Vous pourriez dire : « Facile pour vous, Alan, les philosophes peuvent méditer, j’ai des factures, des délais, des chagrins d’amour. » En effet, mais ces circonstances ne sont pas des obstacles au bonheur, elles sont la texture de la tapisserie. Un musicien de jazz ne déplore pas un accord dissonant, il le plie dans la phrase suivante, enrichissant la musique. De même, vos revers, rides, cheveux gris et découverts bancaires peuvent devenir des syncopes dans le rythme de votre vie si vous cessez de les étiqueter comme des fausses notes.
Faites un petit exercice. Fermez les yeux. Remarquez le flot des sensations : le poids du corps, la brise sur la peau, les sons lointains. Maintenant, portez votre attention sur l’espace entre les sensations, le silence derrière le bruit, l’immobilité derrière le souffle. Ce silence n’est pas quelque chose que vous poursuivez, il sous-tend déjà tout. Réalisez cela, et vous comprendrez que le bonheur n’est pas un objet au bout d’une quête, mais le ton fondamental de ce silence s’exprimant en rires, larmes, couleurs, chagrins. Quand vous savez cela, poursuivre le bonheur devient aussi absurde qu’un poisson poursuivant l’eau.
Certains demanderont : « D’accord, que dois-je faire ? » Très bien, faites ce que vous aimez, mais aimez-le pendant que vous le faites, pas après. Si vous devez poursuivre, poursuivez la sensation d’être vivant, pas le concept de bonheur. Paradoxalement, quand l’aliveness est le but, le bonheur visite souvent, car bonheur et aliveness sont cousins se retrouvant aux réunions de famille à travers le temps.
En résumé, poursuivre le bonheur rend misérable car cela ancre votre conscience dans le futur, dévalorise le présent, arme le désir et confond une humeur passagère avec une valeur permanente.
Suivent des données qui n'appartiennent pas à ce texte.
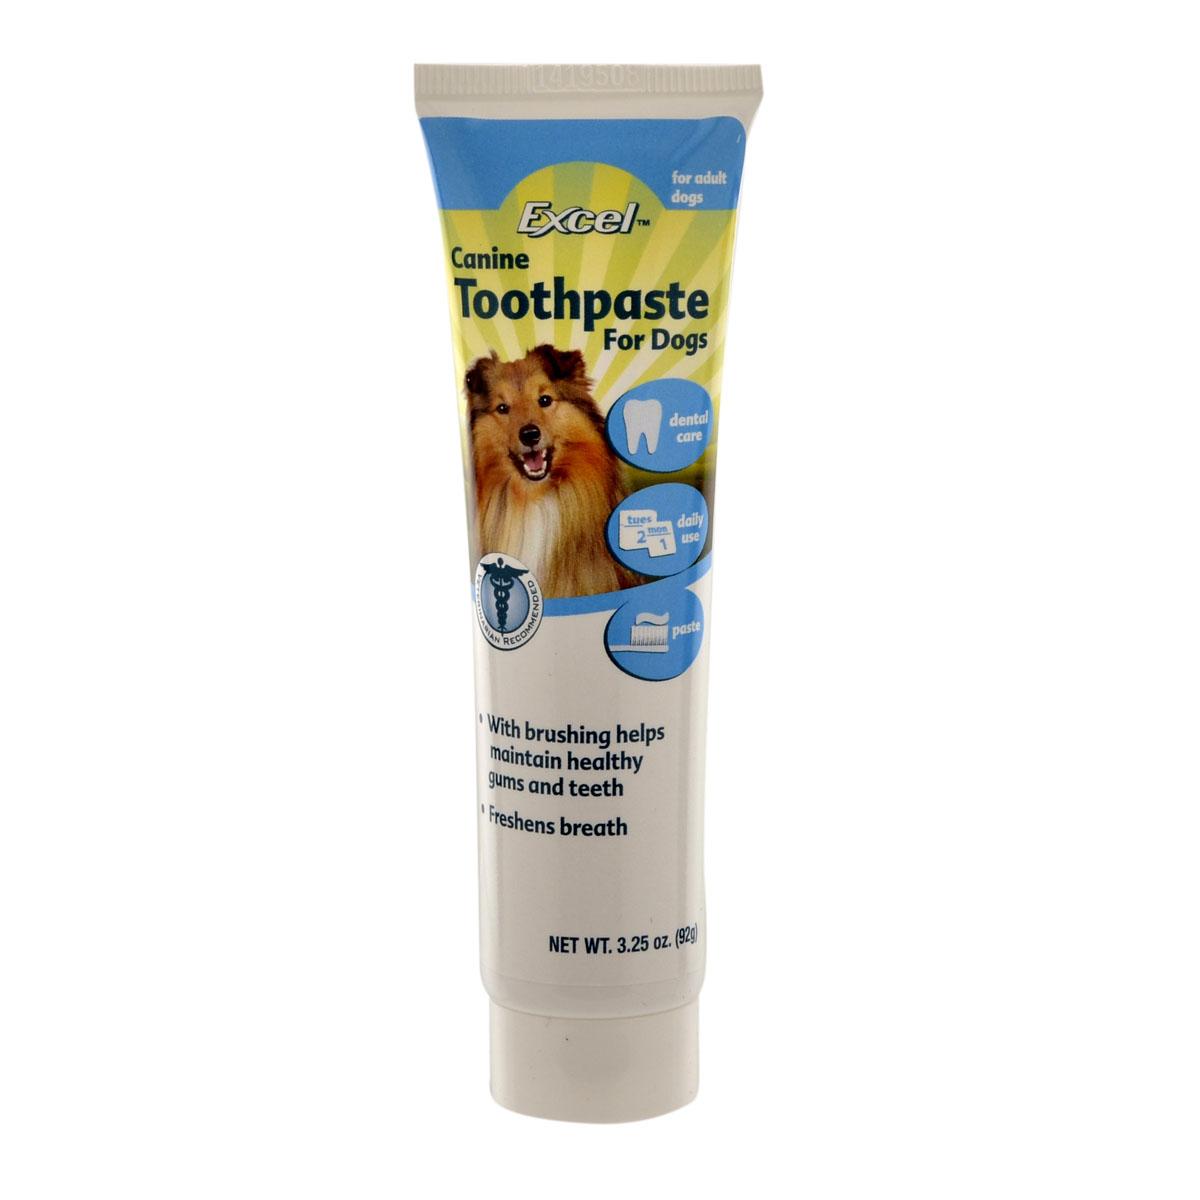 Зубная паста для собак 8in1 Excel Canine Toothpaste свежее дыхание 92 г

L’antidote n’est pas l’apathie, mais la présence. Être pleinement présent, c’est remarquer que le bonheur est moins un objectif qu’un effet secondaire d’une participation détendue à la plaisanterie cosmique. Une fois que vous êtes dans la confidence de la blague, vous pouvez rire, que la chute soit arrivée ou non.
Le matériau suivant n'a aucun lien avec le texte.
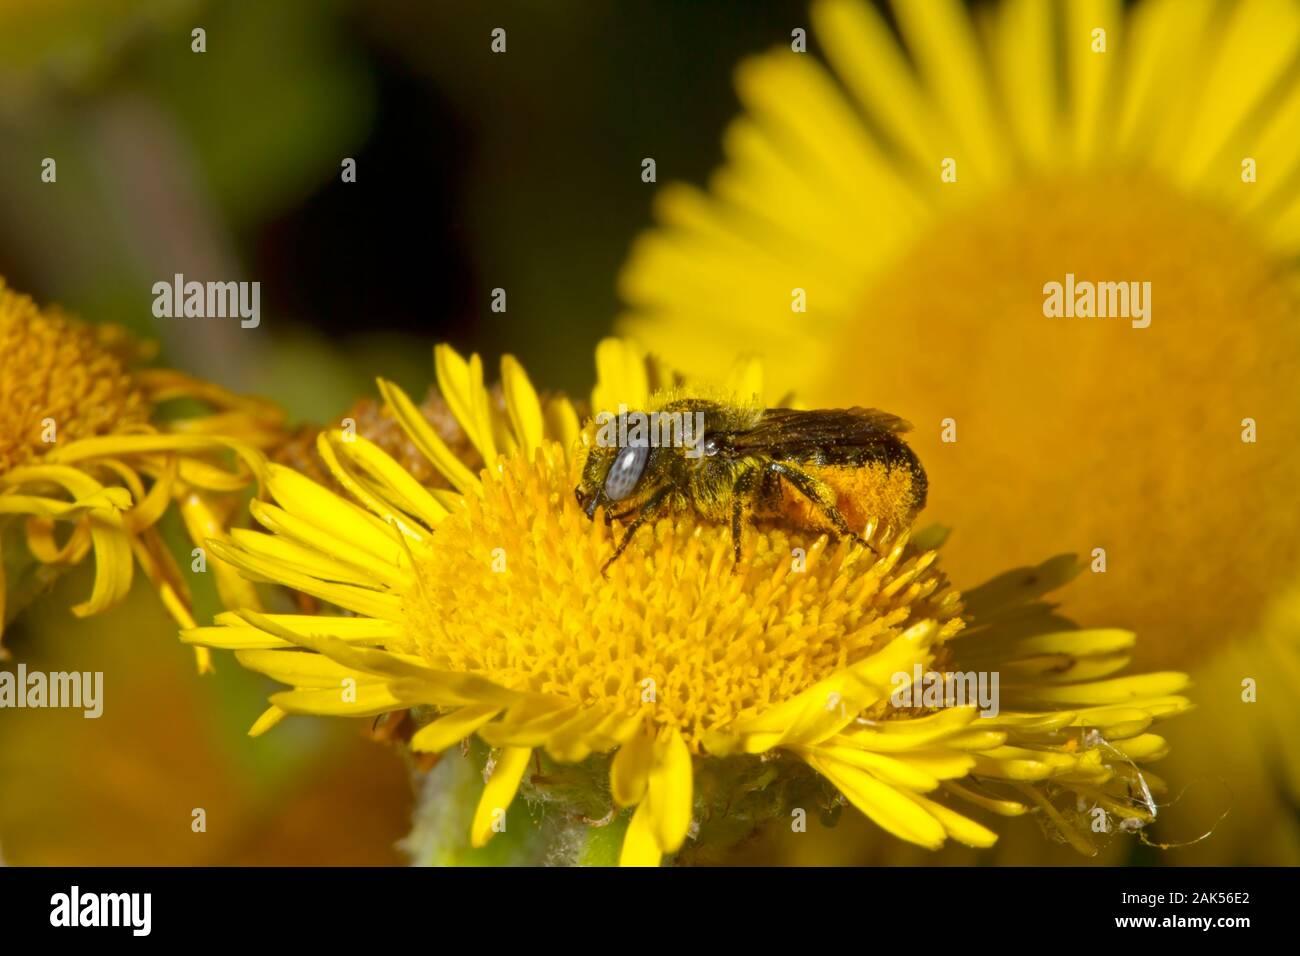 Spined Maurer - Biene - Osmia spinulosa Stockfoto

Permettez-moi de conclure avec une histoire. Un voyageur gravit une haute montagne pour consulter un sage réputé pour dispenser le secret du bonheur. Après une ascension longue et ardue, il trouva le sage assis près d’un lac cristallin sous un ciel d’un bleu impossible. « Maître, dit-il, essoufflé, dites-moi comment être heureux. » Le sage répondit : « Enlève tes chaussures et sens la boue fraîche entre tes orteils. » Le voyageur fronça les sourcils. « C’est tout ? » Le sage rit : « C’est tout. » Le voyageur essaya. La boue glissa, l’eau clapota, le vent caressa son visage. Dans cette sensation triviale de terre et de chair, il découvrit une joie qui n’avait besoin ni d’explication ni de poursuite. Le sage parla à nouveau : « Tu as gravi tout ce chemin pour recevoir ce qui te touche depuis le jour de ta naissance. »
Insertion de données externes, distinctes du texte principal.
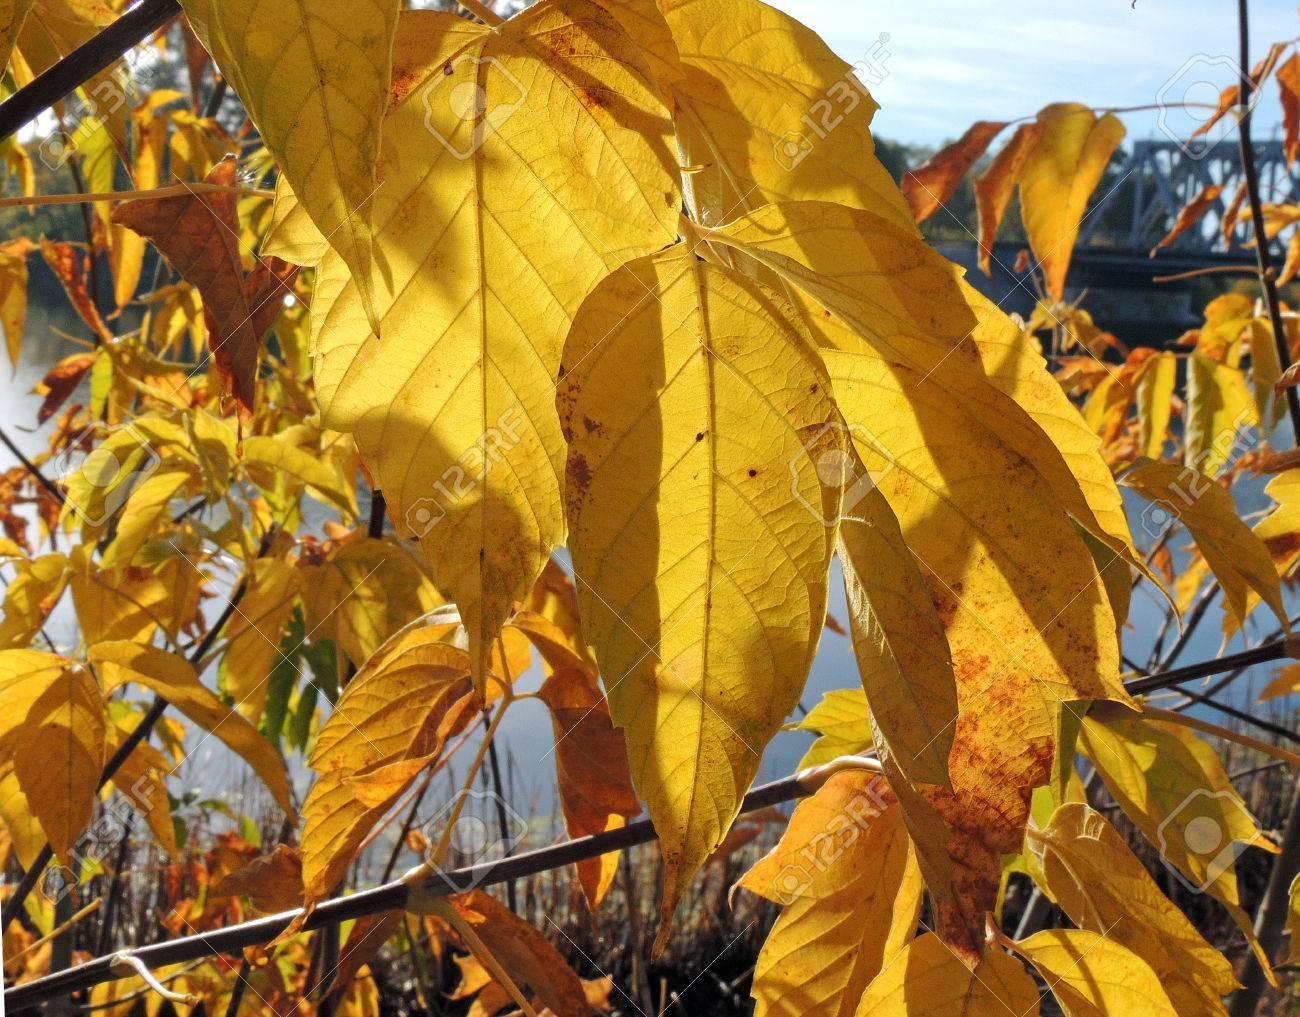 Autumnal Foliage Of Box Elder Or Boxelder Maple Or Ash Leaved

Alors, mes amis, avant de grimper plus loin, peut-être enlevez vos chaussures. Là où vous vous tenez, il n’est pas requis de courir après le soleil. Vous vivez déjà dans sa lumière. La danse cosmique se déroule, que vous connaissiez les pas ou non. Détendez vos orteils, relâchez vos genoux, sentez le rythme, et la danse vous portera. Et si, au moment suivant, la tristesse vient danser, accueillez-la aussi, comme le vent accueille chaque oiseau qui chevauche ses courants. Dans cet accueil réside un bonheur au-delà de la poursuite, le bonheur d’être assez vaste pour contenir joie et chagrin, gain et perte, exubérance et ennui. Vous, la conscience spacieuse, êtes la salle de bal elle-même.